My Novel Feels Gutted

Me: Hey, Novel. Are you okay?

Novel: You know? I really don't think I am.

Me: Want to talk to me about it?

Novel: Do I want to talk to you about how you're destroying me?

Me: I'm not trying to destroy you. I'm trying to make you better.

Novel: How about we start with talking about how you told me you were going to revise me, then opened a blank document. How is that revision? How are you not just replacing me?

Me: It's still you, Novel! Yes, there's a lot of rewriting, but it's refining what came before even if the words are different. I'm replacing your words, not you. I'm keeping the look and feel of you, the heart of you, the themes of you...

Novel: It doesn't feel that way. Have you even seen what you did with my outline? You hacked half of it away. Half. YOU MURDERED HALF MY CHAPTERS!

Me: Okay.
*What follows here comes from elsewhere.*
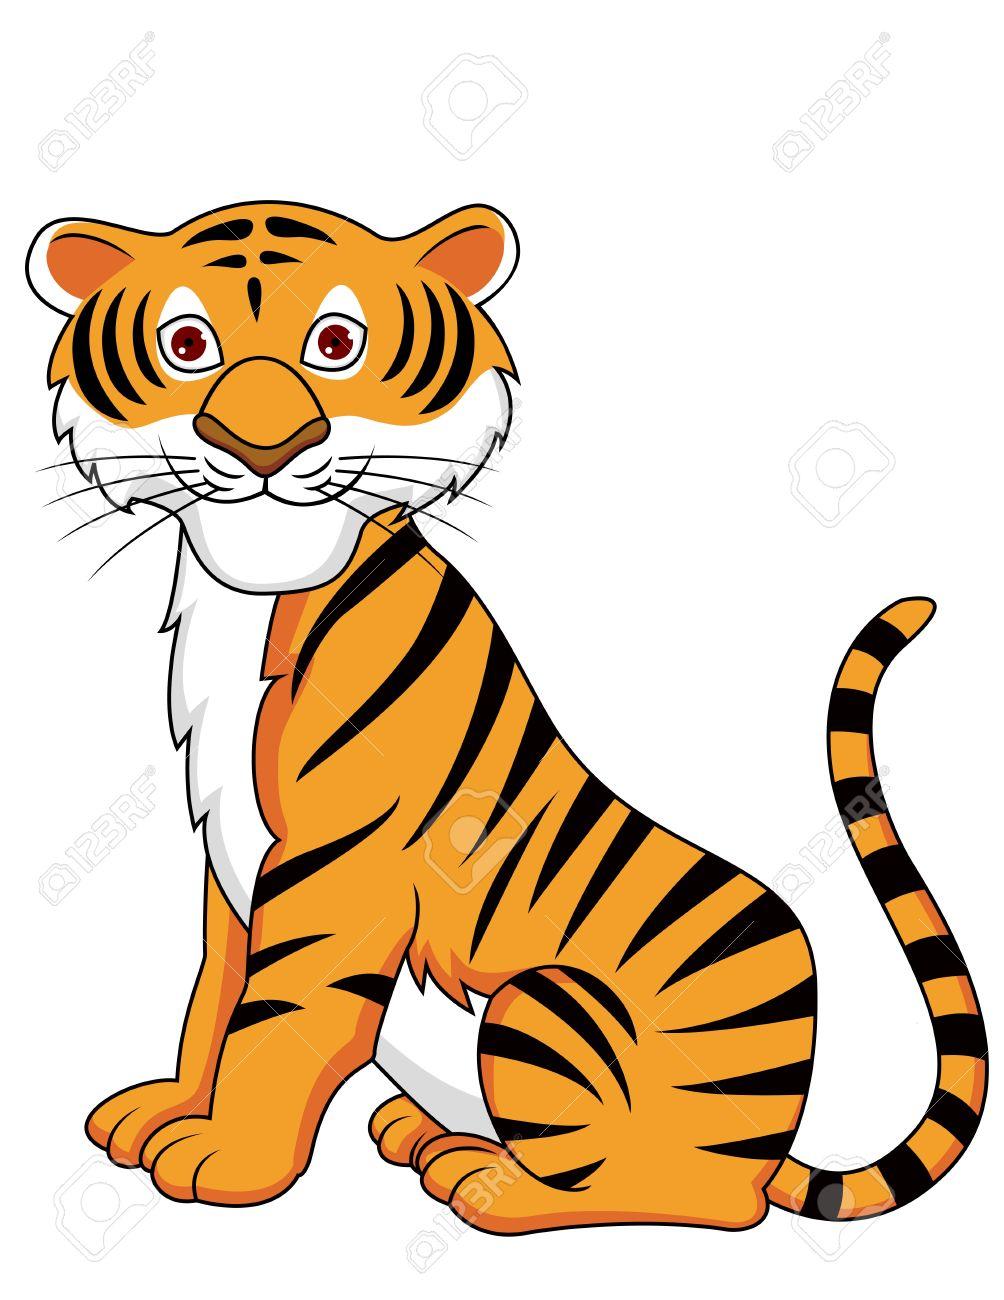 Tiger cartoon Stock Vector - 13446433

I did do that. But the chapters you have can be longer now. Act I is down to four chapters, but those four chapters take up twenty three thousand words. It originally had eight, sure, but it's actually only lost a few thousand words.

Novel: But the outline lost so many scenes. Did you not see all the post-it notes in the trash? The trash! You're putting parts of me IN THE TRASH!

Me: They were too small to go into recycling.

Novel: (glares)

Me: Look, I simply removed scenes that were either from a cut plot-line or were redundant or which would be better established either as summary or assumption. 

Novel: Assumption? You can't assume readers know something.

Me: Sure you can. When people read two characters are on a hiking trail and one of them is wearing borrowed boots, they can assume the characters had a discussion about where they were going and whether the boots would fit. We didn't need fourteen hundred words about it.
 
Novel: I guess not...

Me: And that arc that got pruned was distracting from the important bits. It made it harder to see what you're actually about, which would make people enjoy you less. You want to be enjoyable, don't you?

Novel: I want people to like me, yeah.

Me: So do I. We have the same goal, Novel. I'm not your enemy.

Novel: Maybe. I'm not sure you're my friend either, though.

Me: If I have to chose between being your friend and making you the best story you can be, I'll pick the latter.

Novel: I guess I can understand that. And I guess I can accept it. As long as I don't have to like it.

Me: You don't. And, for the record, I'm doing this because I love you. Not because I think you're awful.

Novel: Don't push my credulity.

Me: (sigh) See you at work tomorrow?

Novel: Yeah. Sure. What's left of me.

Me: (exiting) Write about faeries, they said. It'll be fun, they said. But did they warn me faerie books are freaking primadonnas? No, they did not.